#### Given information:
----------------------------------------

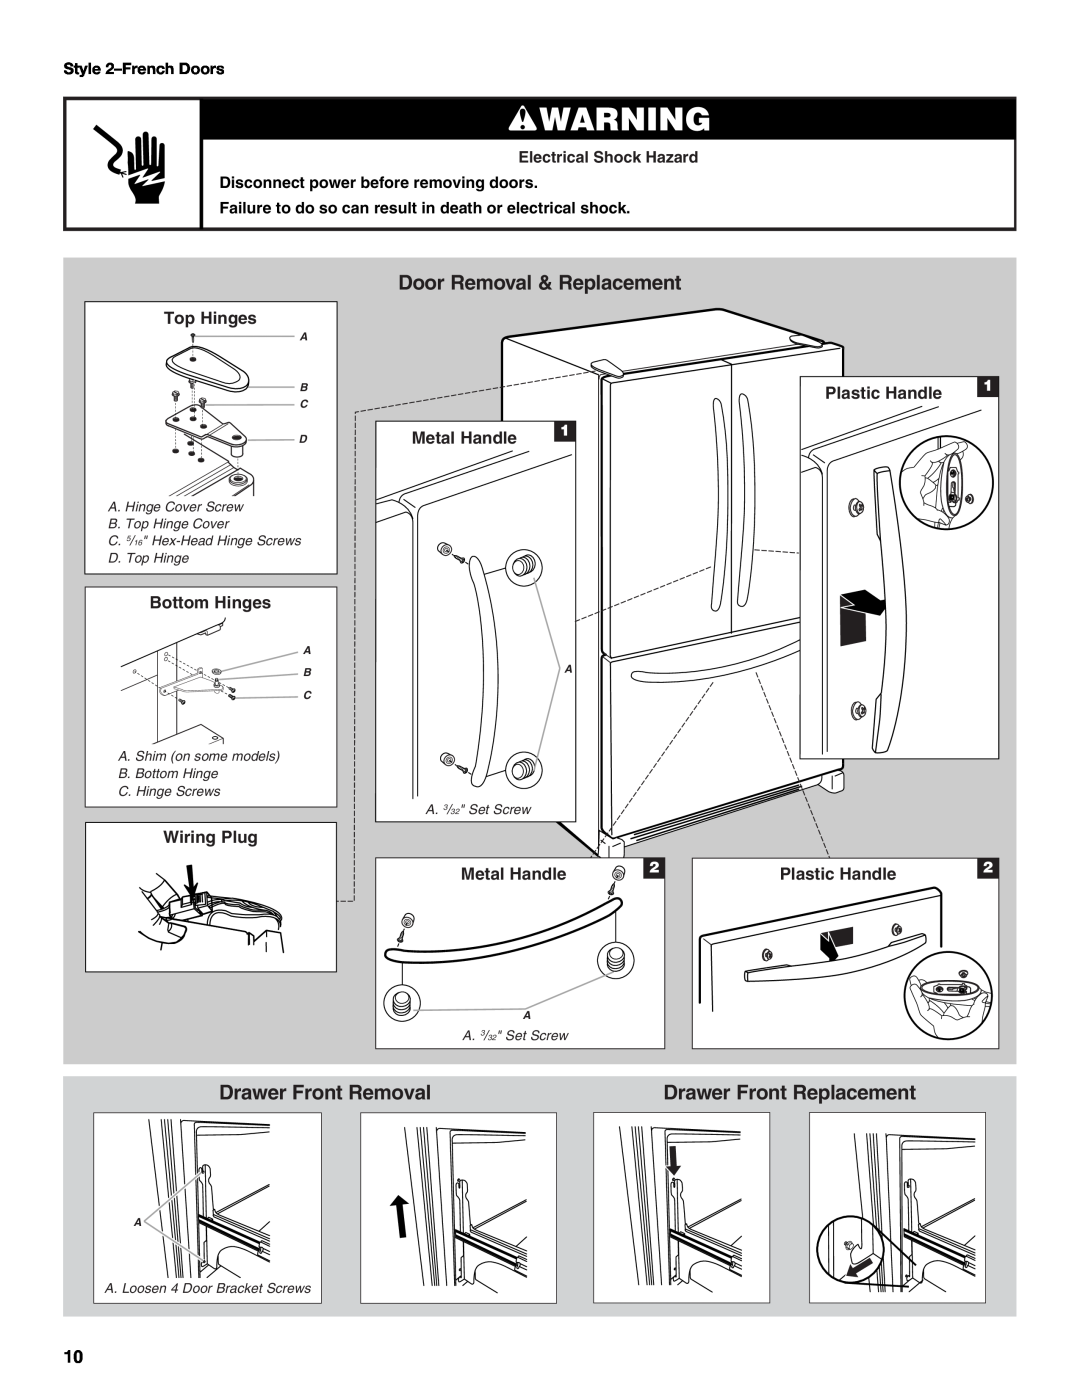 Maytag MBL2556KES Drawer Front Removal, Drawer Front Replacement, Top Hinges, Bottom Hinges, Wiring Plug, Metal Handle 
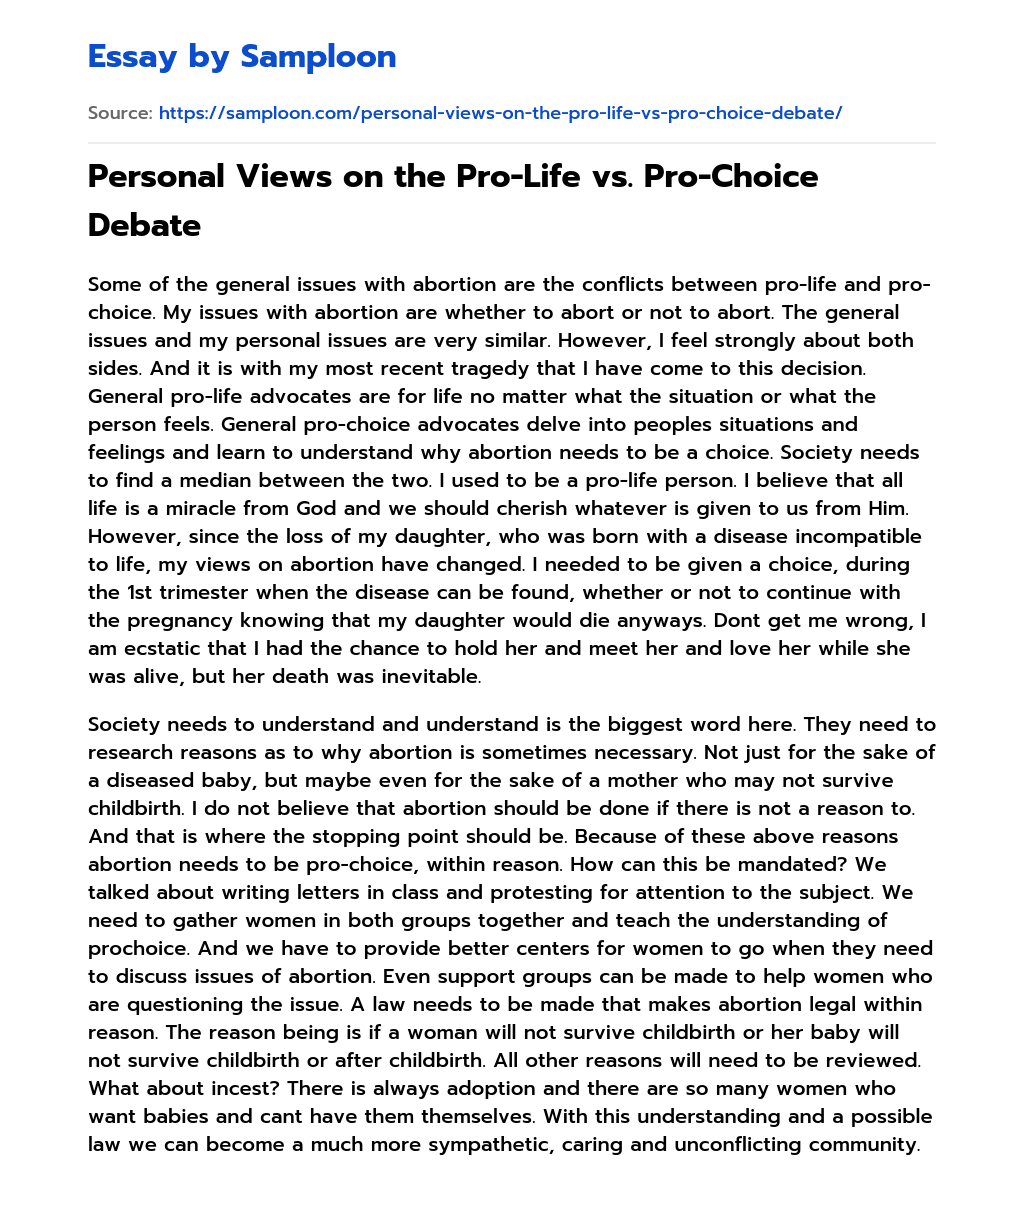 Personal Views on the Pro-Life vs. Pro-Choice Debate essay
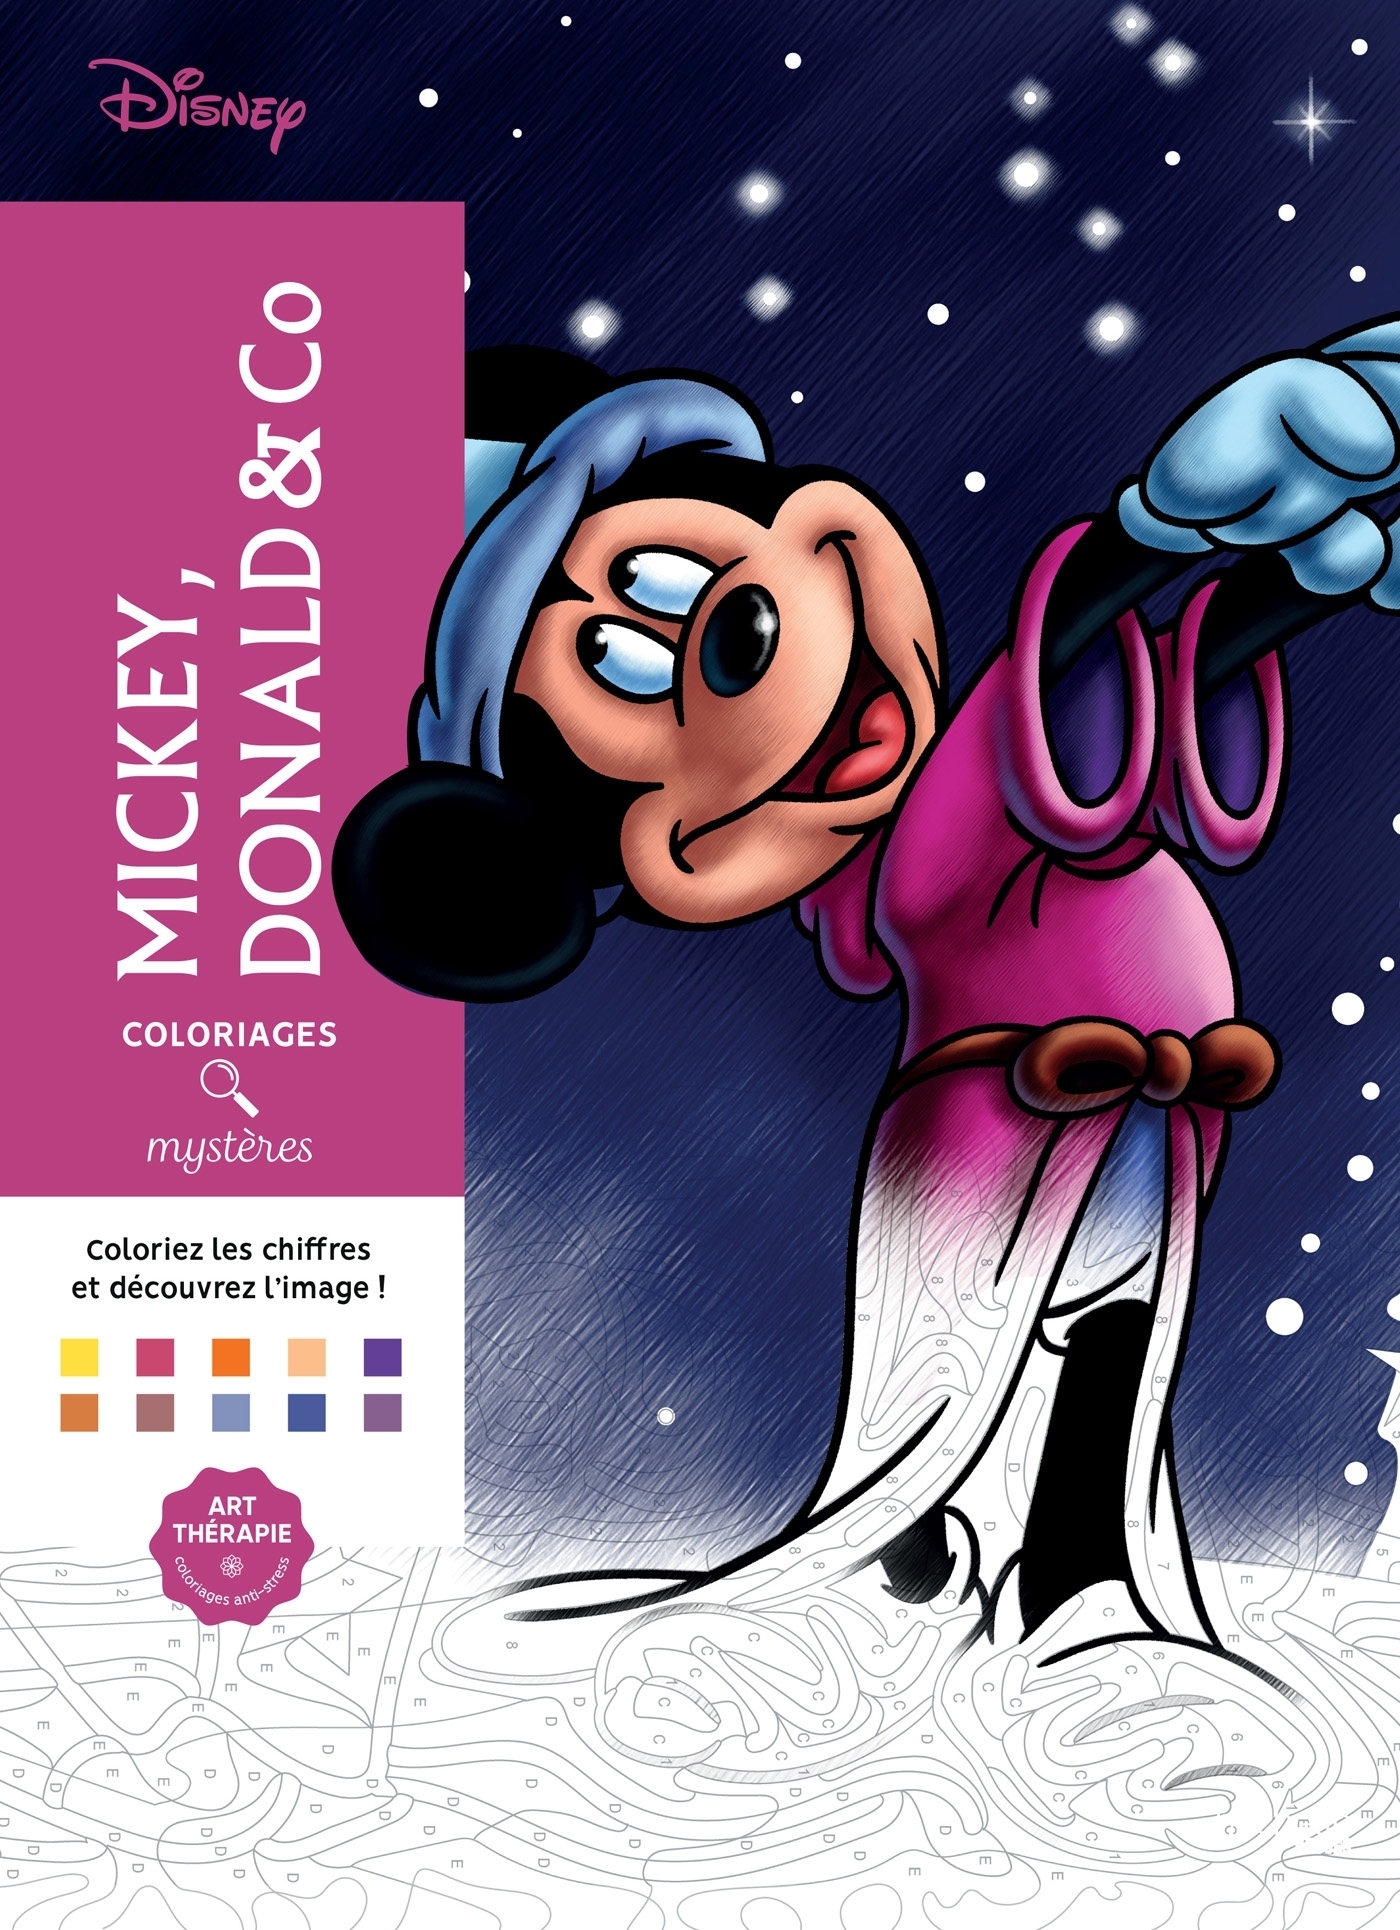 Coloriages mystères Disney - Mickey and friends

----------------------------------------

#### Task objective:
Write out the whole listing verbatim, images excluded.

#### Solution for this task:
 Maytag MBL2556KES Drawer Front Removal, Drawer Front Replacement, Top Hinges, Bottom Hinges, Wiring Plug, Metal Handle 
 Personal Views on the Pro-Life vs. Pro-Choice Debate essay
 Coloriages mystères Disney - Mickey and friends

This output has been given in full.